We were unable to reach lower temperatures because the apparatus featured a background magnetic field gradient that was somewhat larger than expected. We measured the field gradient to be about 50 mG/cm, compared to a specification of 10 mG/cm. This field distorts the trap and causes the atoms to be lost when the trap is too weak.

We were able to release the atoms from the 3 Hz trap and observe their subsequent behavior. Because of the large background gradient, the atoms were accelerated relatively quickly, but they could be observed for about 0.5 s. To avoid this acceleration, we hope to transfer the atoms the m = 0 Zeeman state where they do not interact with the magnetic field. This has been previously demonstrated in the CAL apparatus.

At the end of 2019, the apparatus stopped functioning well, but at the same time the new SM2 module was launched as replacement unit. SM2 has now been installed and is operating well. It offers the capability to perform atom interferometry, which will be the focus of the next year’s operation.

In our ground efforts, we have successfully implemented an atom interferometer gyroscope with Earth-rate sensitivity. A Bose-Einstein condensate is produced in our specially-designed magnetic trap. Off-resonant lasers are used to coherently split the condensate into wave packets, which are then driven into circular trajectories orbiting the trap with a diameter of about 0.5 mm. When the packets are subsequently recombined they exhibit interference, and the phase of the interference is related to the rotation rate of the experimental platform. We observe interference signals with a visibility of about 60%. We have verified the rotation sensitivity by slightly rotating the optical table holding the apparatus, and the measured interference shift agrees with expectations. This work has been written up and submitted to Physical Review Letters.

We have also carried out a theoretical study of the interferometer performance and limitations. This turns out to depend sensitively on the anharmonicity of the trapping potential. We developed a method to experimentally characterize the anharmonicity and were able to determine the anharmonic terms with an accuracy of 10% to 30%.

A major effort over the past year has been upgrading the apparatus to improve its stability and speed of operation. This will enable more careful studies of its performance and extension to higher sensitivities. The new trap features additional shimming coils to allow adjustment of the anharmonicity. The new apparatus is nearly complete. We have collaborated with our partners at Air Force Research Laboratory (AFRL) to produce a unique atom chip that the trap will use.

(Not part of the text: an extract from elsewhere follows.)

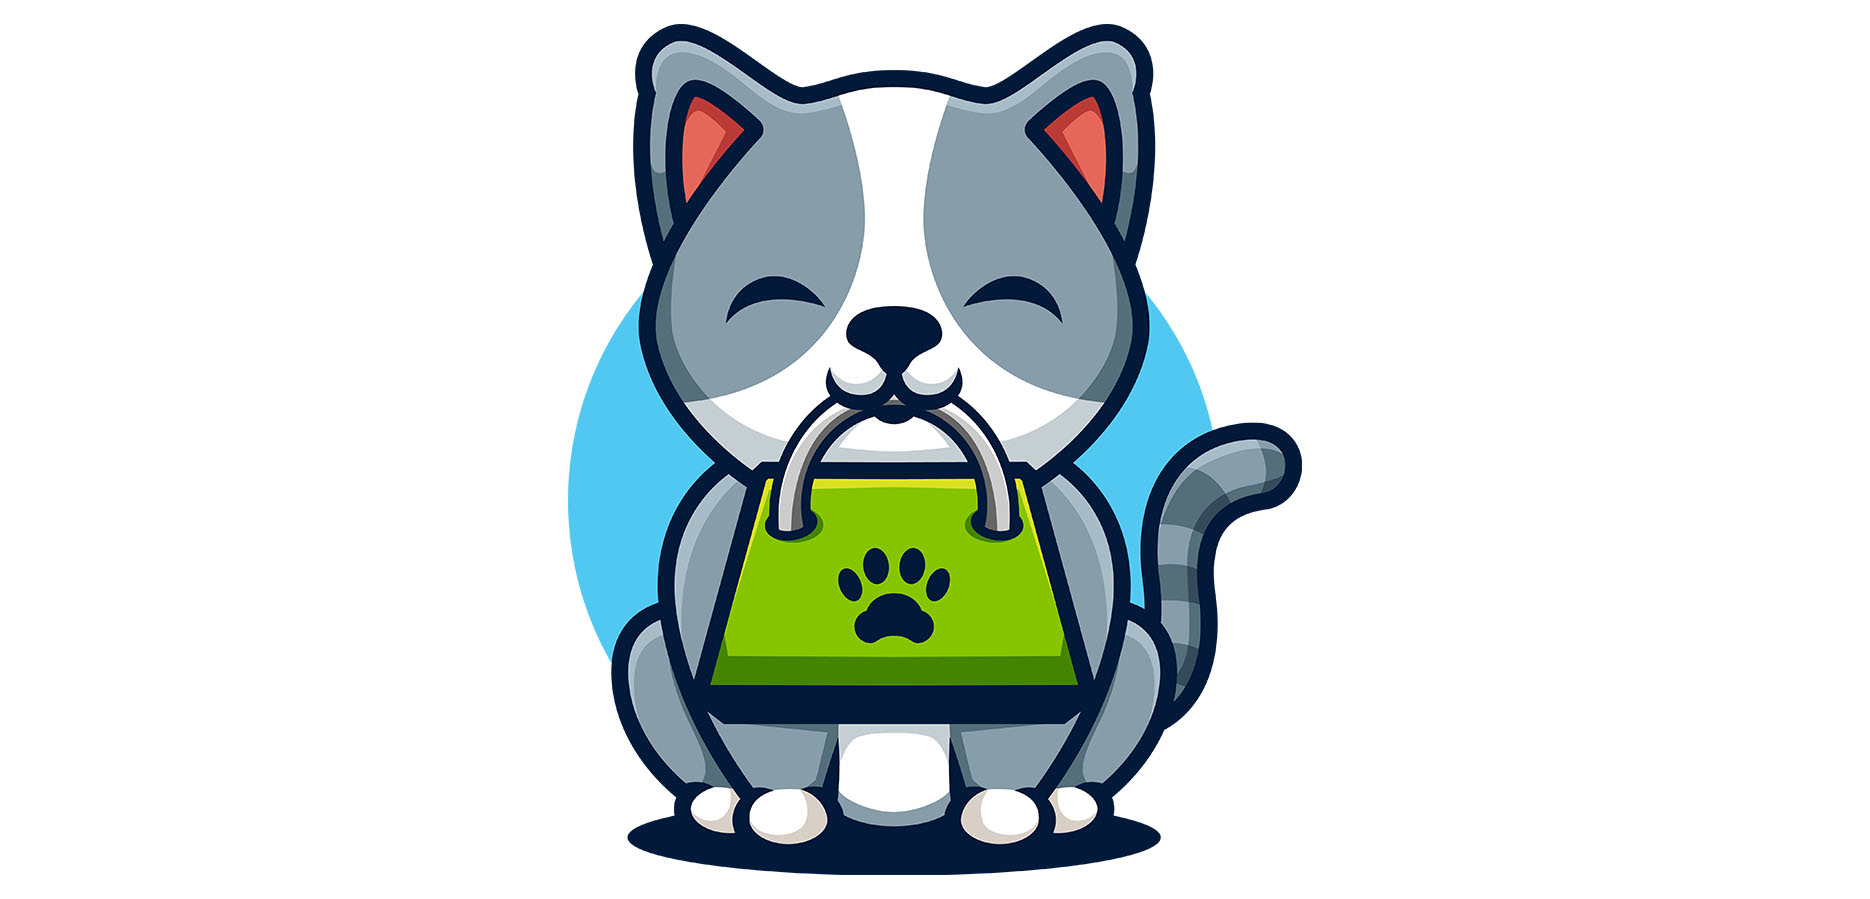 Cat Shopping Logo Free Download

Ground and flight based efforts are proceeding in three broad areas. First, we are performing ground studies and developing a flight mission for the Cold Atom Laboratory (CAL) to study atomic techniques for inertial sensing in microgravity. Ground efforts include development of new rotation-sensing techniques and implementation of an optically suspended atom source for gravimetry. Flight efforts involve implementation and characterization of atom interferometry techniques using the CAL apparatus on the International Space Station (ISS).

Second, we are investigating methods to produce an ultra-low temperature atom source in free space using the CAL apparatus. The apparatus produces atoms confined in a magnetic trap, but inertial measurements require free atoms. We will investigate releasing the atoms by gradually turning off the trapping fields, allowing the atoms to adiabatically expand and cool off. This can produce a relatively dense and very low-velocity sample that is ideal for atom interferometry methods.

Third, we will continue ground-based studies to develop novel precision measurement techniques for use with atom interferometry, such as tune-out spectroscopy. Techniques like this are useful for advancing scientific knowledge and would be good candidates for future flight studies.

These techniques also have many applications in geophysics. Gravity sensing can be used for oil and mineral exploration, while rotation sensing can detect dynamics in the Earth's core. Gravity sensing also has defense applications such as locating underground tunnels and potential screening cargo for high-density contraband or weapons.

Other precision measurement applications have less direct impact, but advance scientific knowledge. For instance, precision tune-out spectroscopy measurements of atomic matrix elements can be used to improve the interpretation of atomic parity violation experiments. These in turn impact our understanding of the standard model of particle physics and thus the nature of our universe. Direct benefits of such understanding can be hard to trace, but in general the continued advance of technological applications builds on advances in our fundamental knowledge.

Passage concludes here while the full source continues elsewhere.